Bonus Gullibility
I’m occasionally taken in by a good story, I’ll admit. I didn’t see the ending of Sixth Sense coming. It’s probably better for my enjoyment that way but it does occasionally make me feel foolish.
So here’s a little tale, completely true, about a visit to Sea World I was on with some cousins of mine. They won’t mind me telling the story since even if you knew my real name you couldn’t guess which cousins it was–I have a lot of them.
So I’m sitting next to my cousin, we’ll call him Stu, at the dolphin show, with his wife, we’ll call her Jane, on his other side. Gorgeous dolphins with incredible hang time, yay Sea World. They bring a family out–man, woman, daughter–to let the little girl give the dolphin a treat for its tricks. Aaww. The trainer suggests that Mom go up on a little bridge between the audience and the trainer area to take a picture of Daughter interacting with Dolphin. Aaaww. The next thing we know, Mom is in the water, she’s fallen off the bridge. And she’s freaked. She’s flailing and screaming as if there are barracudas in the pool instead of cuties who like to nudge you with their noses. A dolphin comes over to her and she goes even more berserk, screaming and splashing at the dolphin in a panic. Clue #1: No trainer had dived into the pool at this point. The sum total of their action consisted of encouraging the woman, via the microphone, to swim to the front of the pool where there was a ladder. I turn to Daddyman demanding to know how anybody can be such a total panicked loser twit that they would scream and splash instead of making nice with the dolphin and enjoying the accident of a lifetime. Probably his silence on this point was to spare my feelings. The bozo mom is making her way, with much trembling and drama, to the front of the pool, and still no trainer has taken charge of the situation. About this time, both woman and dolphin go under and suddenly the show finishes with some finale human-dolphin trick that I can’t remember right now. Oh.

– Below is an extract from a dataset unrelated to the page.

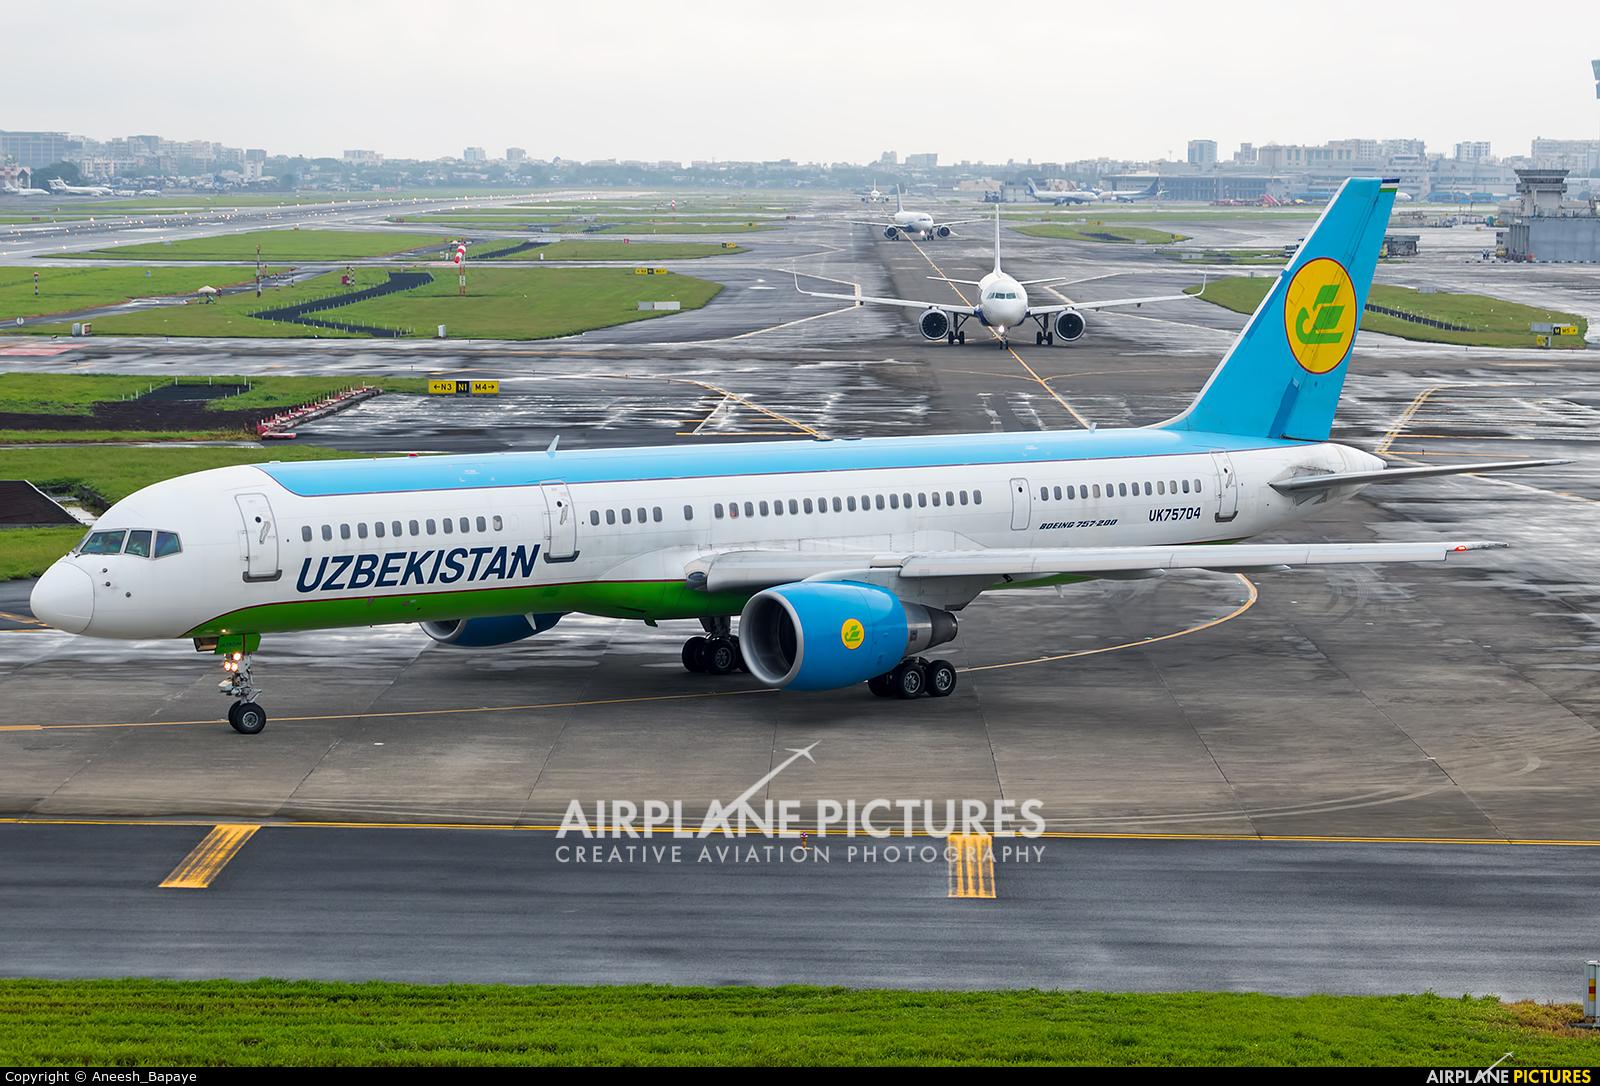 Uzbekistan Airways UK75704 aircraft at Mumbai - Chhatrapati Shivaji Intl

I turn to Stu, deflated but giggling, “I feel so stupid. They really had me going.” Cousin Stu turns to me with a matching grin. “This’ll make you feel better. They took me in too … until Jane said, ‘You idiot, they got you with this one the last time we were here.’”
Eah. He works in the industry which is one of my primary areas of consumer input–Hollywood. I suppose a reasonable–reasonable, I said!–dose of credulity is an advantage for people who work on or just love good stories.